Need to sort a dictionary by average of nested list of values

Question

dict = {a:[2,4,5],b:[4,6,7],c:[3,1,1]}

Above is an example of a dictionary I have. The length of the nested lists will always be 3 (due to other blocks of code). I have figured out how to sort alphabetically and by highest value of the list inside the dictionary. I am struggling to find a way to calculate the highest AVERAGE score. Below is the desired output:

>>> get_average(dict)
>>> b : 5.66
>>> a : 3.66
>>> c : 1.66

Any tips or even a solution? I'm pretty sure the most efficient way is to use lambda.
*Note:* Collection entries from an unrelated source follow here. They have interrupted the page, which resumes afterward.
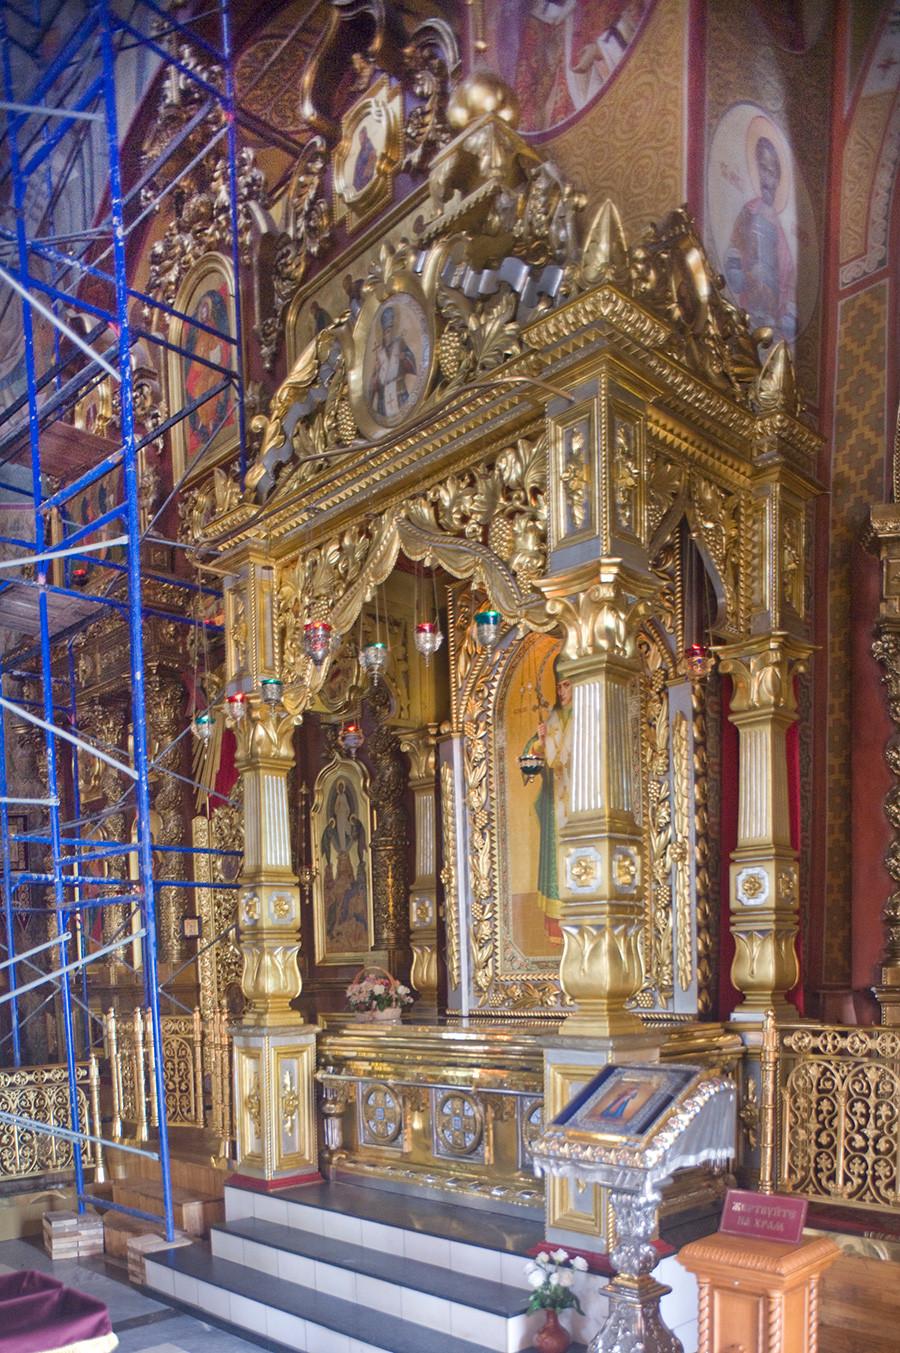 Cathédrale de la Transfiguration, baldaquin avec reliques de saint Ioassaph, évêque de Belgorod (reliques transférées du musée en 1991)
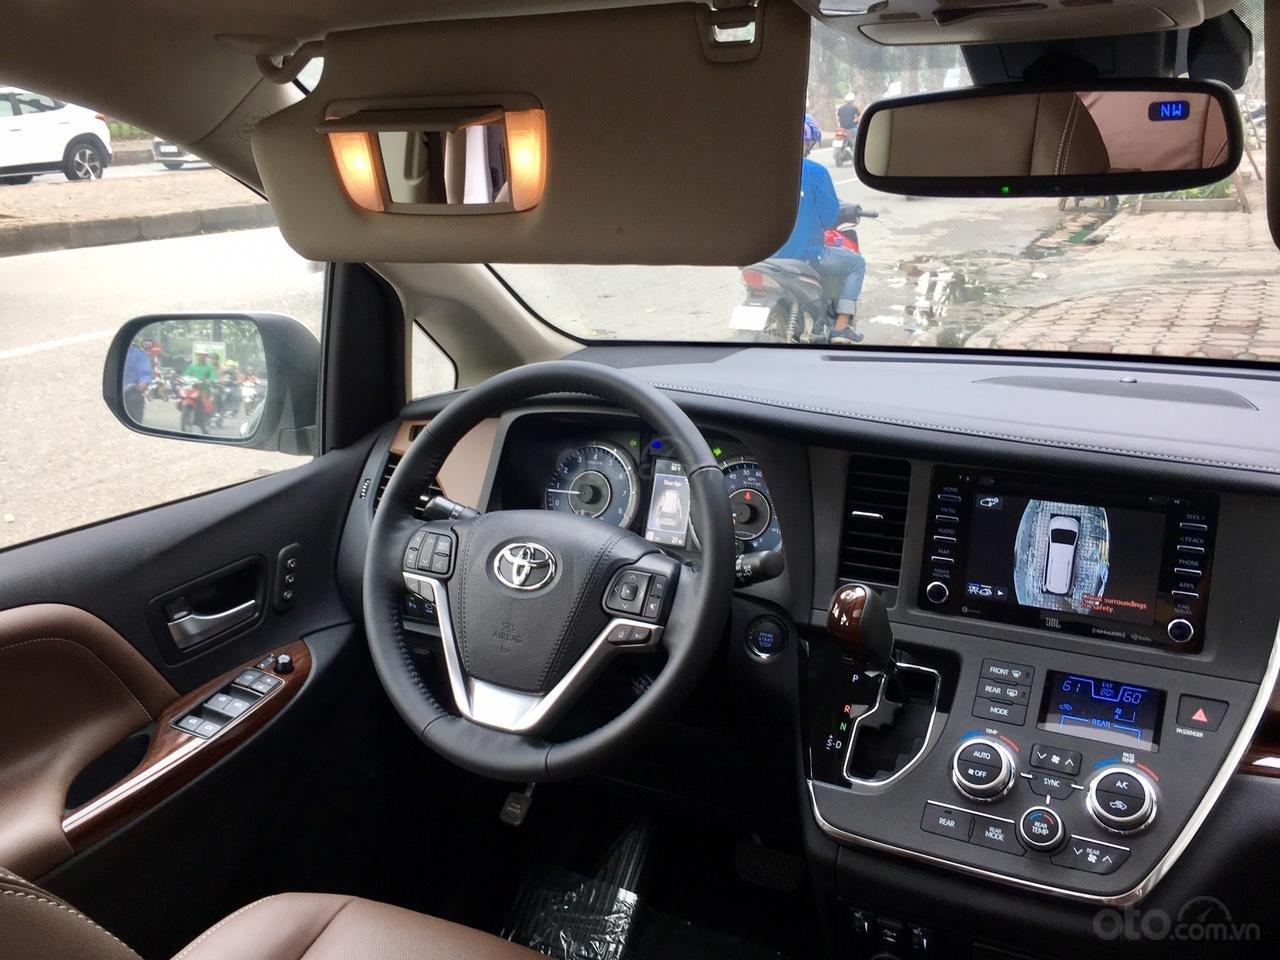 Bán Toyota Sienna Limited 1 cầu model 2020 giao ngay toàn quốc, giá tốt - LH 093.996.2368 Ms Ngọc Vy (18)
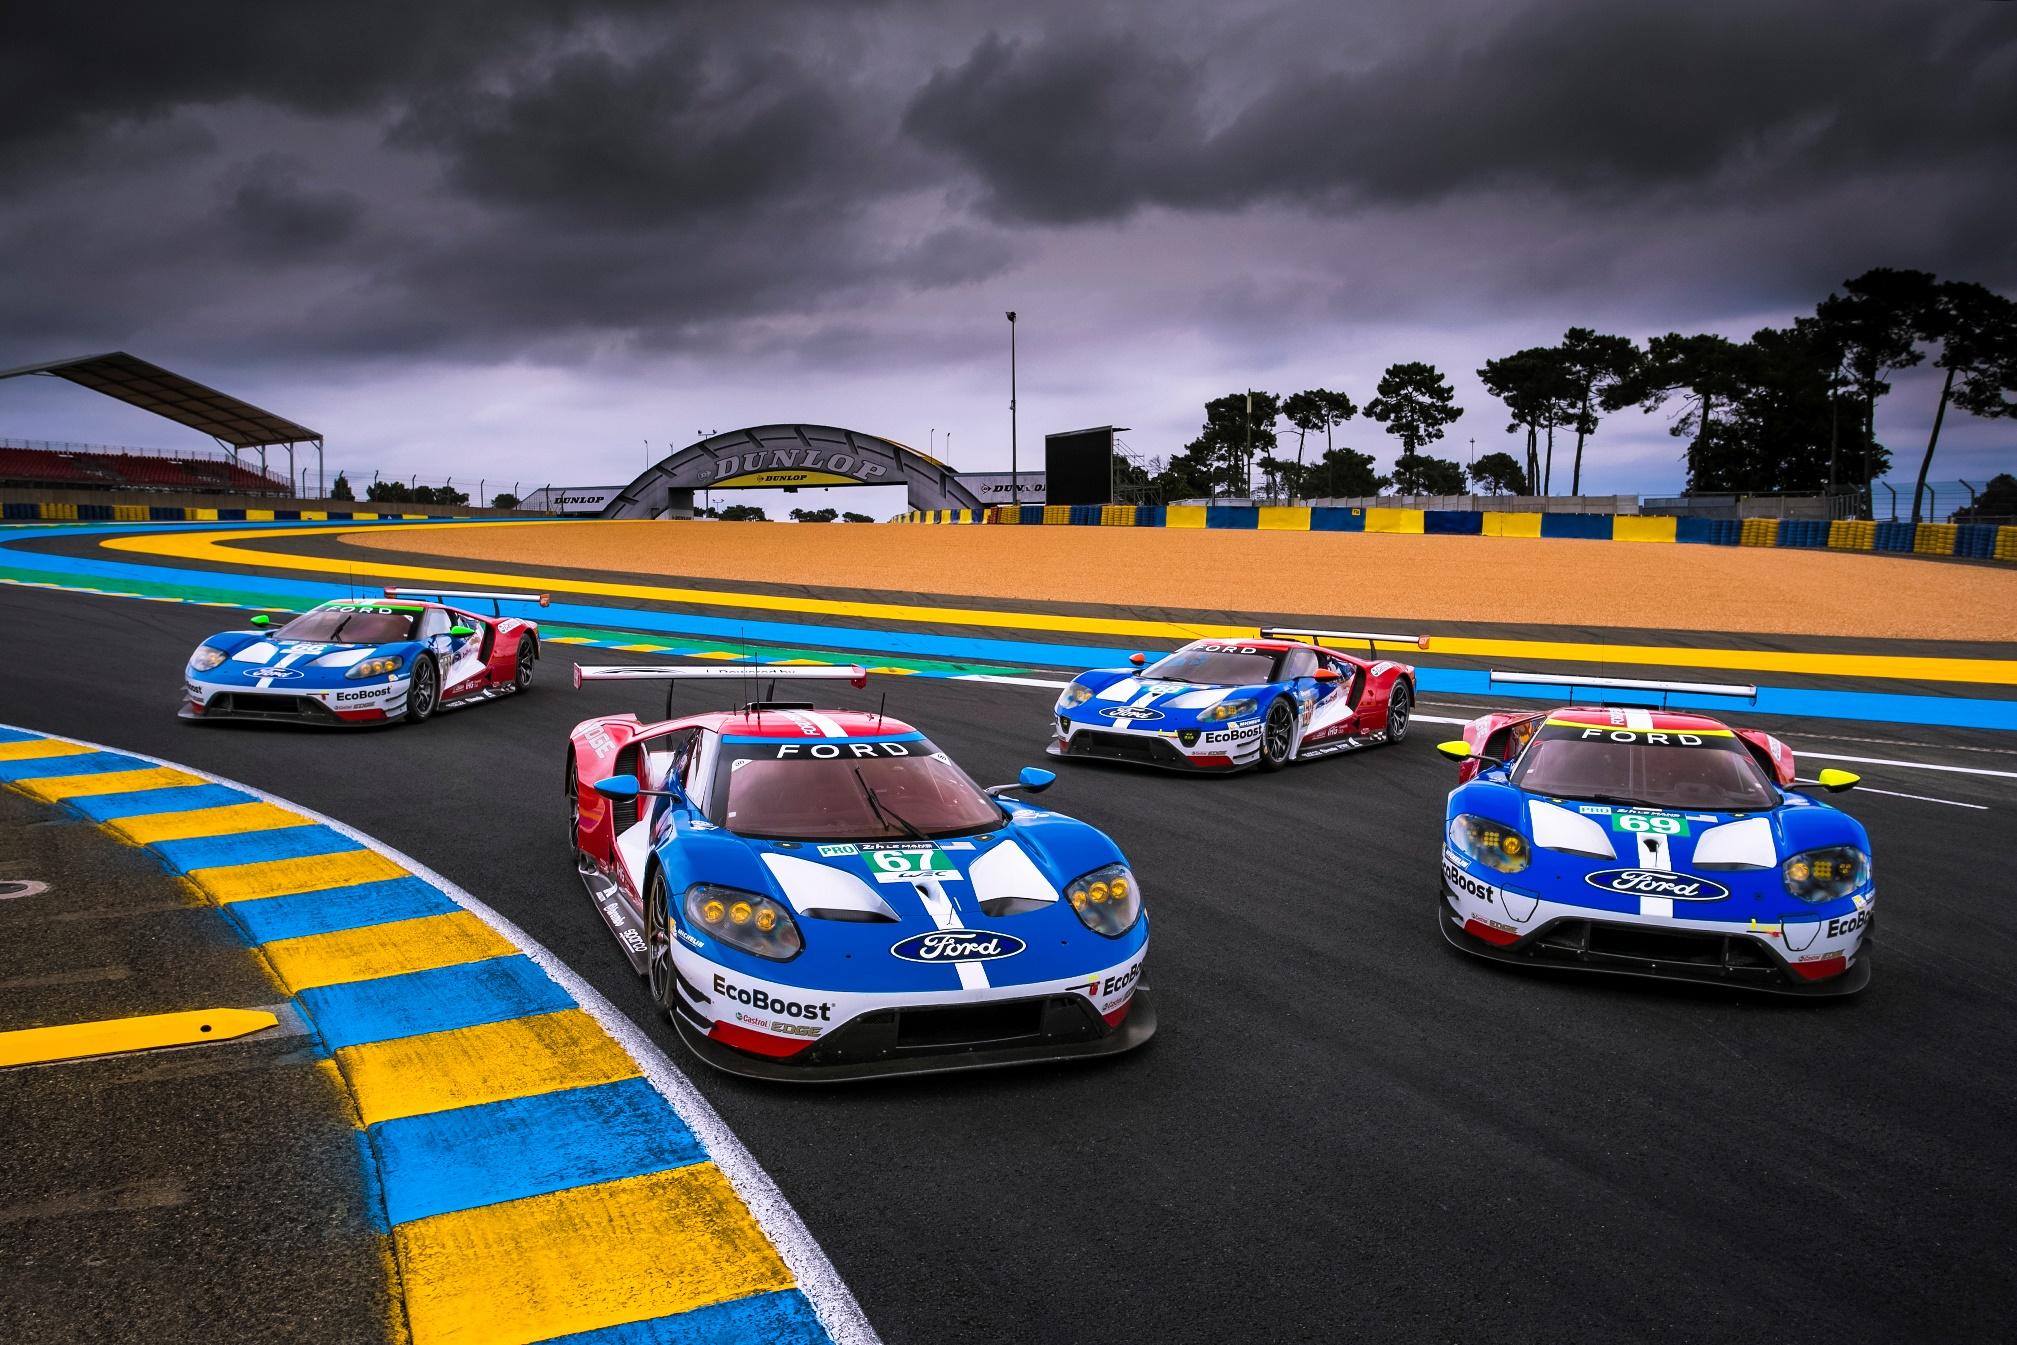 ��.�T_福特gt赛车即将开启2017勒芒24小时耐力赛卫冕征程

Can I modify this code to get the average:

sorted(dict.items(), key=operator.itemgetter(1))

Answer 1

try this:

 d = {'a':[2,4,5], 'b':[4,6,7], 'c':[3,1,1]}
 sort = sorted(d, key=lambda k: sum(d[k]) / 3, reverse=True)
 for i in sort:
     print(i, ":", sum(d[i]) / 3)

Answer 2

First, build a map of the averages using a dict comprehension:

>>> d = {'a':[2,4,5], 'b':[4,6,7], 'c':[3,1,1]}
>>> def mean(L):
        return float(sum(L))/len(L)
... 
>>> d_avg = {k: mean(v) for k, v in d.items()}
>>> d_avg
{'a': 3.6666666666666665, 'b': 5.666666666666667, 'c': 1.6666666666666667}

Then you can sort that by value:

>>> sorted(d_avg, key=d_avg.get, reverse=True)
['b', 'a', 'c']